Other intermediate hydraulic quantities are introduced:

concentration of the vapor in the gas: \({C}_{\text{vp}}=\frac{{p}_{\text{vp}}}{{p}_{\text{gz}}}\),
gas flow: \(\frac{{M}_{\text{gz}}}{{\rho }_{\text{gz}}}=(1-{C}_{\text{vp}})\frac{{M}_{\text{as}}}{{\rho }_{\text{as}}}+{C}_{\text{vp}}\frac{{M}_{\text{vp}}}{{\rho }_{\text{vp}}}\). This equation states that the gas speed is obtained by averaging (weighted sum) the velocities of the various gases as a function of their concentration,
vapour pressure \({p}_{\text{vp}}\).

2.2.3.4. Thermal quantities#

non-convected heat \({Q}^{\text{'}}\) (see later) (unit: Joule),
the mass enthalpies of the components \({h}_{\text{ij}}^{m}\) (\({h}_{w}^{m},{h}_{\text{ad}}^{m},{h}_{\text{vp}}^{m},{h}_{\text{as}}^{m}\)) (unit: Joule/Kelvin),
heat flow: \(q\) (unit: \(J\mathrm{/}s\mathrm{/}{m}^{2}\)).
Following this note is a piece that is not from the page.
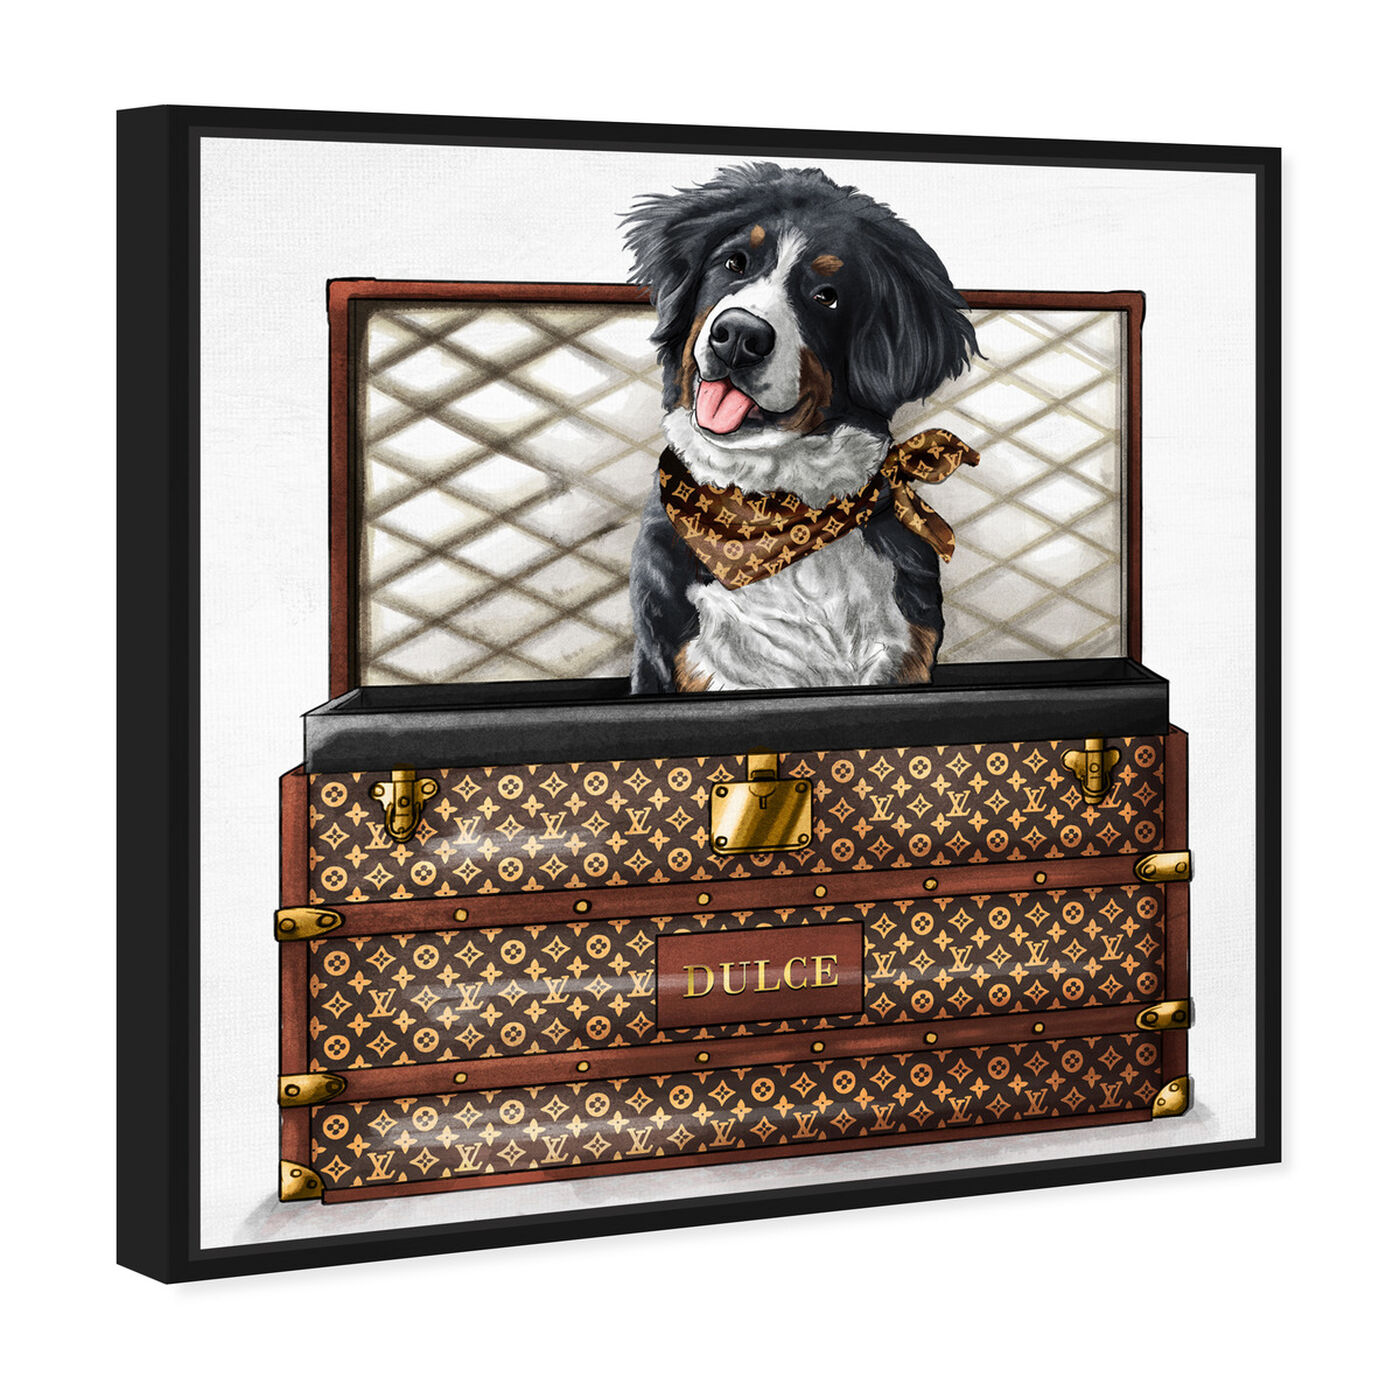 Luxury Traveler - Custom Pet Portrait

All these quantities belong to the generalized constraints in the sense of document [R7.01.10] [4].

2.2.4. External data#

the mass force \({F}^{m}\) (in practice gravity),
heat sources \(\mathrm{\Theta }\),
boundary conditions relating either to imposed variables or to imposed flows.